I've spent a little time looking at some example Pipes as well as
going through a tutorial and I my question is which are the most
common transformations that are used.
It seems to me the transformations I've seen that look like they're
used most commonly are:
sort by (some attribute)
select by (some attribute)
truncate by (number of entries)
Any others that people see in common use?
- Serge
Can you give examples of "ifs". Is an if like a filter?
My implementation questions are mainly around the filters and some of the sorts.
- Serge
I've since found the documentation:
http://pipes.yahoo.com/pipes/docs?doc=modules
This maps basically onto what I thought...
Pipes seems to (and people can correct me if I'm wrong, map generally
into a set of records with a set of key:value pairs, with the
possibility to loop through the key:val pairs deeper if necessary.
> As for implementation... Here's my take on it.
>
> Filters end up being very simple. For each record, if they meet some
> condition, pass it on. If not, throw it away.
Yes, the trick is particular data types need some special attention.
For example, let's say I have two data sources, one is a CSV file with
the date as an ISO 8601 format and an RSS 2.0 feed with the date in
RFC822 format.
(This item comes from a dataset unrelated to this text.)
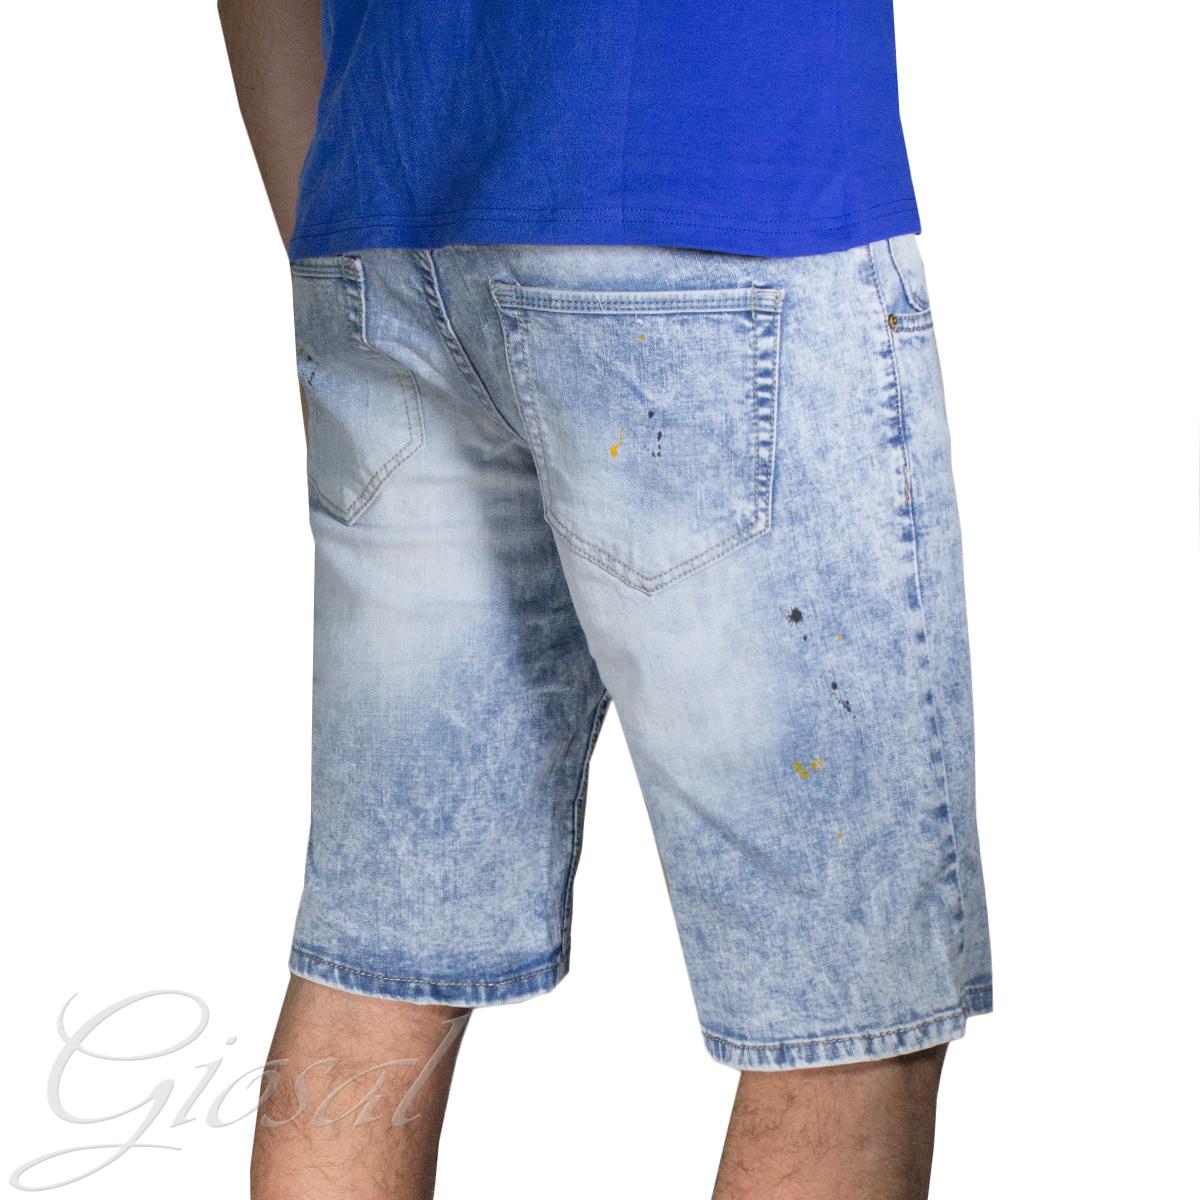 Pantalone-Uomo-Corto-Bermuda-Denim-Jeans-Macchie-Di-Pitture-Cinque-Tasche-GIOSAL miniatura 5
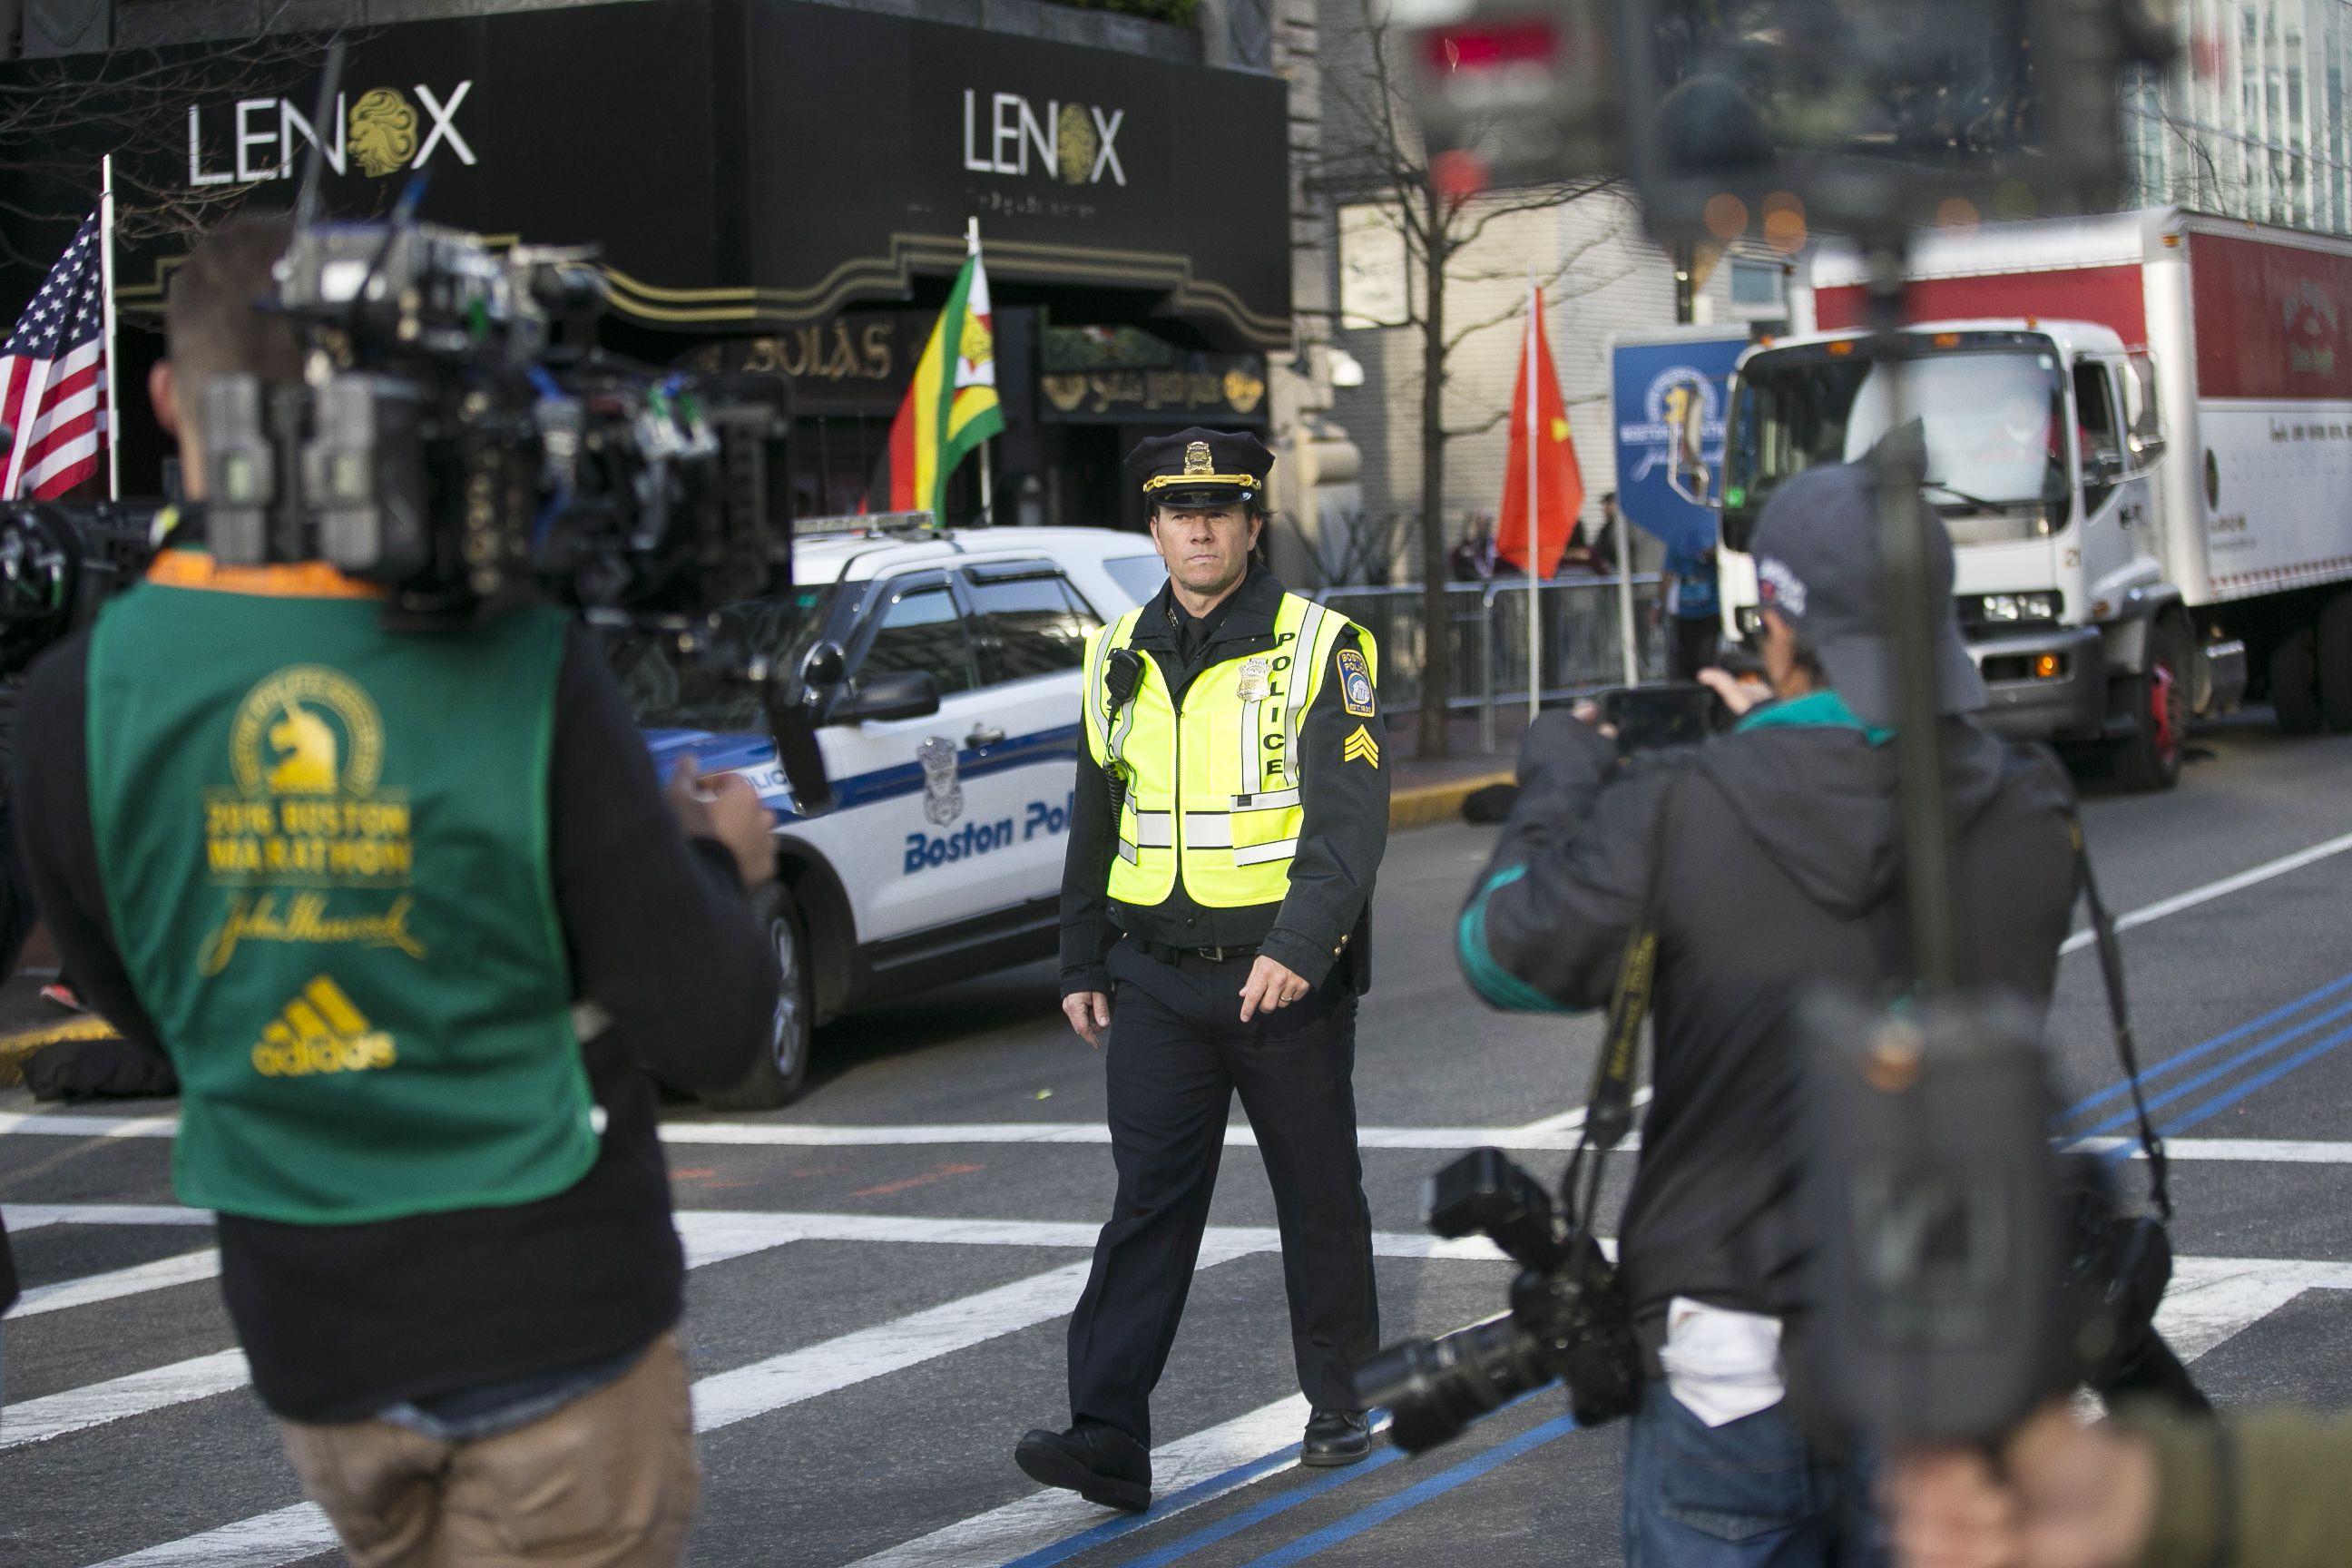 Fact-checking the 'Patriots Day' movie - The Boston Globe

You want to be able to say "newer" on both date
formats, so you can't simply treat them as text.
Similarly you may want to work with geo-encoded data and say "Inside
this box" or "Outside this polygon". This means you need to have an
internal representation of this new data type.
Or may not... I may be over-thinking this.
Having not worked with Pipes before, I'm getting my head around the
problem space.
- Serge
> A better solution, in my opinion, is to provide transformers to rename
> keys & reformat data, and make it the responsibility of the person
> designing the pipe flow. If they wanted to compare dates from two
> different data sources, they would be responsible for inserting a
> "dateParser" transformer component to normalize the data before
> feeding it to the comparator transformer.
I've thought of this problem a little too. Here's my take:
I think ultimately we want to be always oriented toward the output.
Everything up to the output is "necessary work" to arrive at the
output.
That said, I think the easiest way to achieve this would be a
transformer that does associations between key names.
Some data begs to be normalized- time, I think, is one of them. But
other data is going to be so difficult to manage that it
but it seems overall easier to solve with a transformation of
"associations" where you'd provide a mapping between the keys in one
pipe input and that of another, but you'd just have
'pubDate' -> 'publication_date'
How does Pipes handle this BTW?
I don't know how often this problem will actually come up in real life
either, so I'm less hesitant to try to solve it in an elegant way (vs
data types, which I feel aught to be supported).
- Serge